Looks like a good saw, decent HP and it looks standard. I think it would be a good purchase, good price. The info provided was good, they had a good video on setup and truing which is helpful. Or it could make you wonder why they needed to add a tuneup video to a new saw?


----------



## recycle1943 (Dec 16, 2013)

Roge - about a year ago I bought a used 5hp unisaw, actually I bought most of his shop just to get individual prices down and ended up selling everything on CL and made a few $$$ in the process. 
Point is, you might be better off looking at used and get a better unit for the same money as new.


----------



## MrUnix (May 18, 2012)

> Thnx for your thoughts guys. Unfortunately, budget is a big part of the choice as well. I still haven t made my mind up yet. I m appreciating all ya lls inputs and thoughts
> - Roger


Then you can't beat getting a used machine. Even if you wind up wanting a different machine, you can usually re-sell it to recover most, if not all, of the money you paid for it (which is not possible if you buy new). You will also get twice the machine for half the price or less if you play your cards right.

Cheers,
Brad

PS: I'm surprised the standard Grizzly advertisement pictures haven't been posted by the usual suspects yet


----------



## Picken5 (Jan 12, 2011)

Roger, I bought a Grizzly G0690 shortly after we moved to Kansas. The 690 is a cabinet saw, not a hybrid such as the one you're considering so mine is a bit more expensive, but I got it for a couple of hundred less when they had that model on sale. And mine was prewired for 220 and I have it on a dedicated 220v 20A circuit like you're planning. No issues receiving it, assembling it or setting it up. Based on my experience, Grizzly makes some very good table saws.


----------



## Kentuk55 (Sep 21, 2010)

Thnx for all ya'll's thoughts and comments, and for your thoughts Brad.
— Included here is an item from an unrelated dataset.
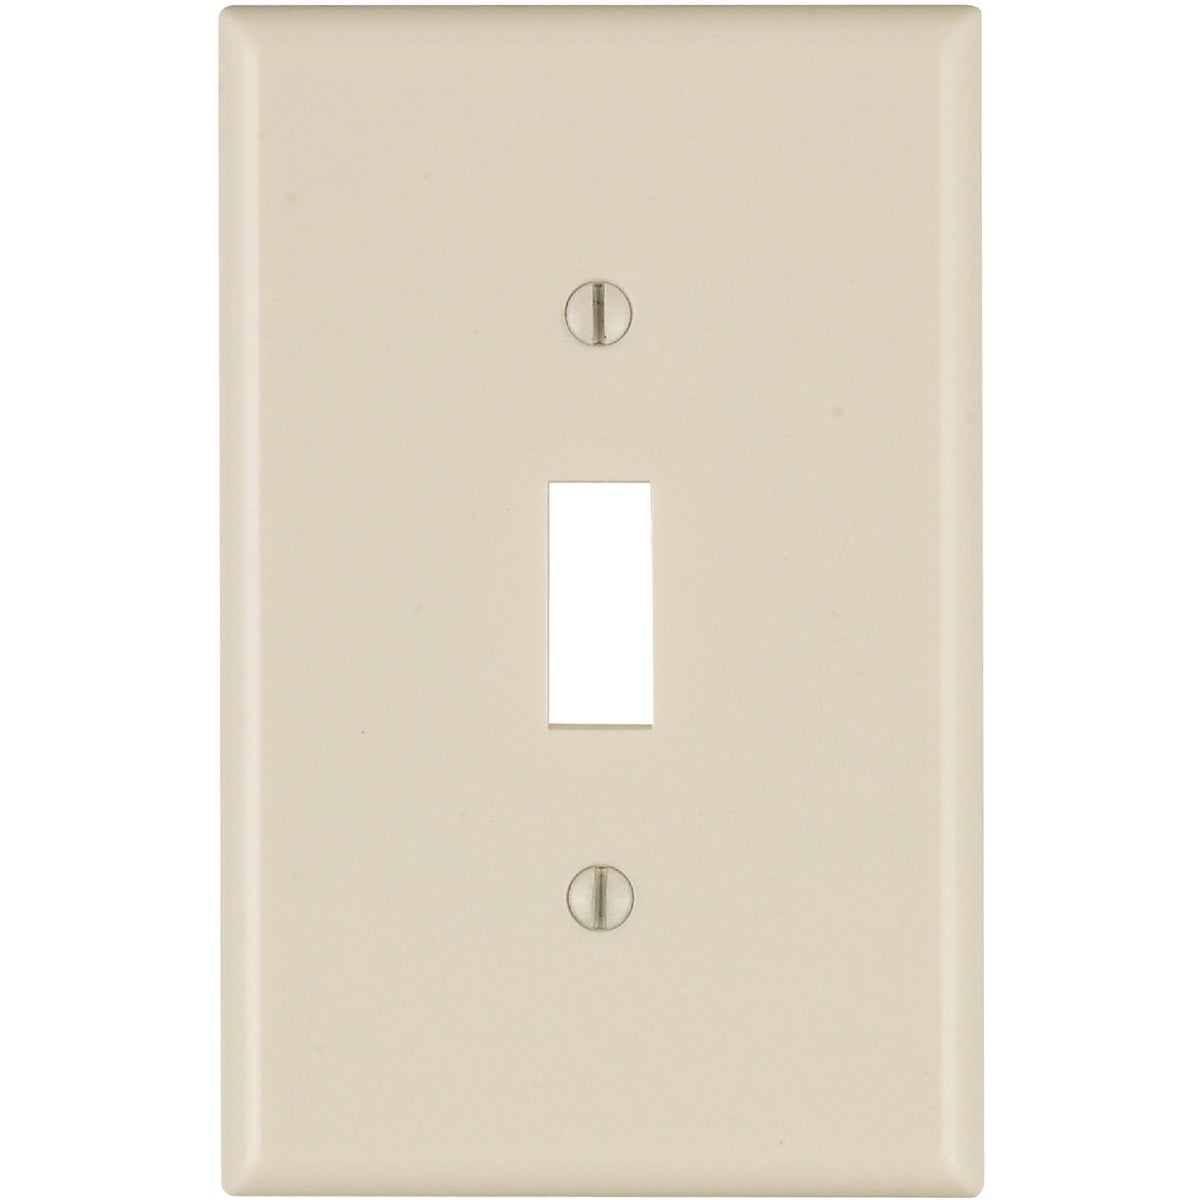 Item 513768, Smooth plastic mid-way size toggle switch wall plate.

I've been a "used" buyer most of my life. I want something new and shiney.. LOL
Howard. It's always good to hear statements like that.


----------



## Kentuk55 (Sep 21, 2010)

Just a few hours ago, I pushed the "place your order now" button for this:
http://www.grizzly.com/products/10-3-HP-240V-Cabinet-Left-Tilting-Table-Saw/G1023RL
I really liked the specs and all the reviews on it. I hope Grizzly comes through. I'll find out when it gets to my place. Now I need about a few dozen Guinness' to help get my brain back together. Thnx everybody.


----------



## andy_P (Aug 13, 2009)

Roger, I notice that Boxguy mentioned it a while back and was backed up by a later post. I too have been considering a new table saw. I have a Delta Contractor model I've had for at least 15 to 29 years. You know what happens when you "think" you know what you are doing so well that you take chances; well, that thought, my age and a lot of conversations with experts…..I mean real experts… is making me look no further than the best SawstopI can afford. Whether or not I ever get it will depend on the chief accountant in the household ….....know what I mean?


----------



## kdc68 (Mar 2, 2012)

> Just a few hours ago, I pushed the "place your order now" button for this:
> http://www.grizzly.com/products/10-3-HP-240V-Cabinet-Left-Tilting-Table-Saw/G1023RL
> I really liked the specs and all the reviews on it. I hope Grizzly comes through. I ll find out when it gets to my place. Now I need about a few dozen Guinness to help get my brain back together. Thnx everybody.
> 
> - Roger


v
Nice !.....Congrats man !


----------



## JoeLyddon (Apr 22, 2007)

*Congratulations! *

I think you will be VERY HAPPY with it…

*Enjoy & Be Safe!
*


----------